Green Alliance calculates that delaying the transition to electric vehicles will raise the cost of driving by £10bn ($12.3bn) over the next decade, while some 2.5 million households will pay more for their heating because of the prime minister’s go-slow approach to phasing out gas boilers.
Green Alliance’s Net Zero Policy Tracker analyses key sectors that need to decarbonise in order to reach its headline figure. Its latest analysis shows that the power sector is the only sector currently with most of the emissions cuts it needs to hit policy targets.
When faced with criticism from green groups, the UK Government is always quick to point out the UK’s historic emissions reductions record. In his September speech, for example, Sunak pointed out that the UK has reduced its emissions faster than any other G7 nation since 1990, with a 50% cut, compared with 22% in France and no change in the US.
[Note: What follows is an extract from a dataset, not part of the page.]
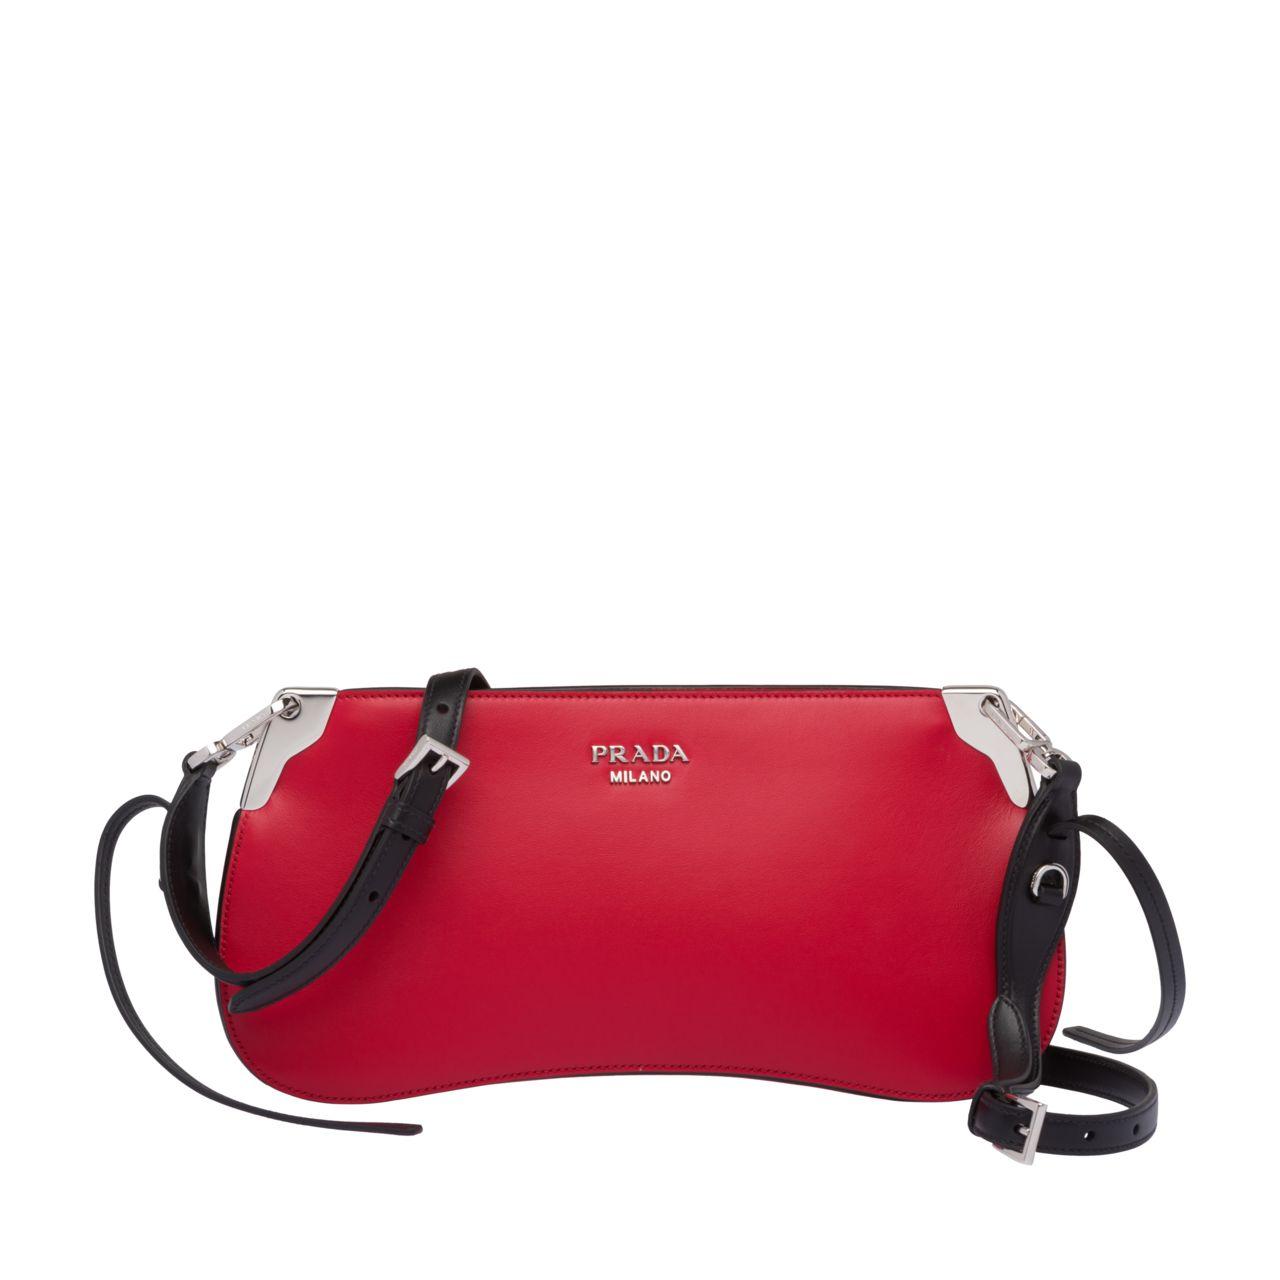 27baec92f930 Prada Spring Summer 2019 Bag Collection

Much of this success comes down to the pace at which the UK closed down its coal-fired power stations, as well as the pace at which the UK built offshore wind farms. Until 2021, the UK had the most offshore wind capacity in the world (just over 10GW at the time; a figure overtaken by China, which managed to build a vast 17GW of wind capacity in 2021 alone).
However, data shows that the UK’s renewables success story is now a thing of the past. Between 2010 and 2015, annual renewable capacity growth stood at 25% or more per year. By 2019, this figure had fallen to 2%, and in 2022 – the most recent year for which the International Renewable Energy Agency has data – capacity growth remained at only 7%, below that of the US, Europe and the world.
The UK’s renewable industry problems look set to continue, faced with high inflation, skills shortages and local opposition to renewable power infrastructure and transmission systems.
At the start of September, the UK’s latest contracts-for-difference (CfD) renewable energy auction failed to attract any offshore wind bidders, with industry complaining that the government had set a maximum power price that was too low, and unreflective of how the cost of manufacturing and installing a wind turbine has increased.